5 Further discussion

The problem that who will act as a manager to launch bidding when more than one robot finds the same intruder robot at almost the same time should be solved. In our system, we decide who will be the manager using timestamps. Once a robot r i finds an intruder, it will broadcast what he found including the location of the intruder and what time it found the intruder.
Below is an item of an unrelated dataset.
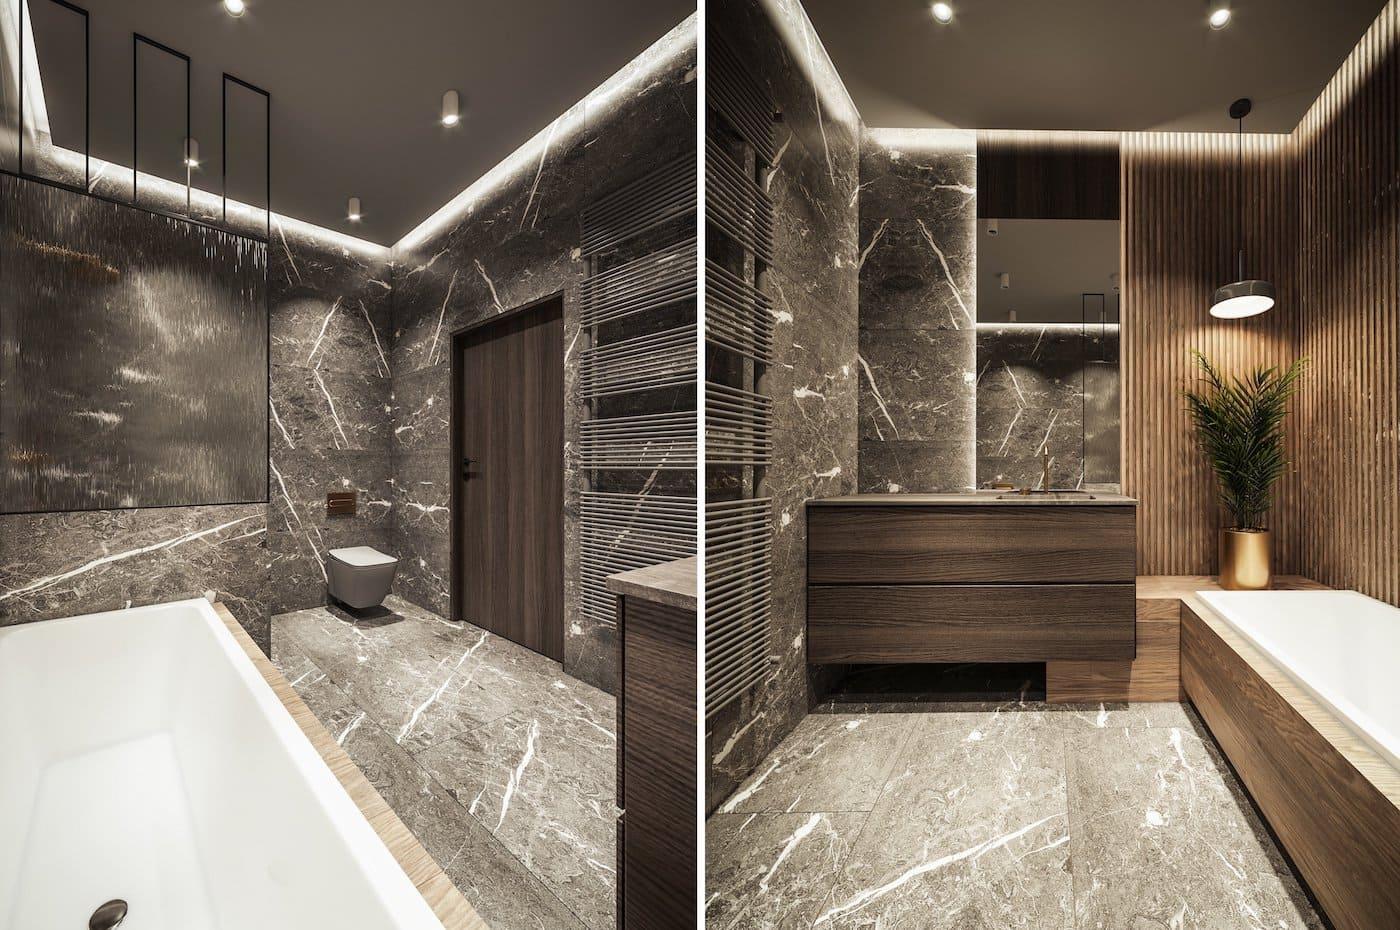 дизайн интерьера ванной комнаты фото 70

The robot r j who received the broadcast information will make a comparison. If robot r j found the intruder later than robot r i , it will do nothing, else, it will notice robot r i through broadcasting.

6 Conclusion and future works

Task allocation is a foundation technology of multi-robot systems, especially of cooperative ones. In this paper, we let robot bidders provided more than one bid price; these values reflect the different abilities of robots. It is difficult to construct a decision function to evaluate these bid prices, so we propose a method of using a BP neural network to fuse these prices and decide which robot is the successful bidder. In our experiment, the intruder can be rounded up quickly using this method.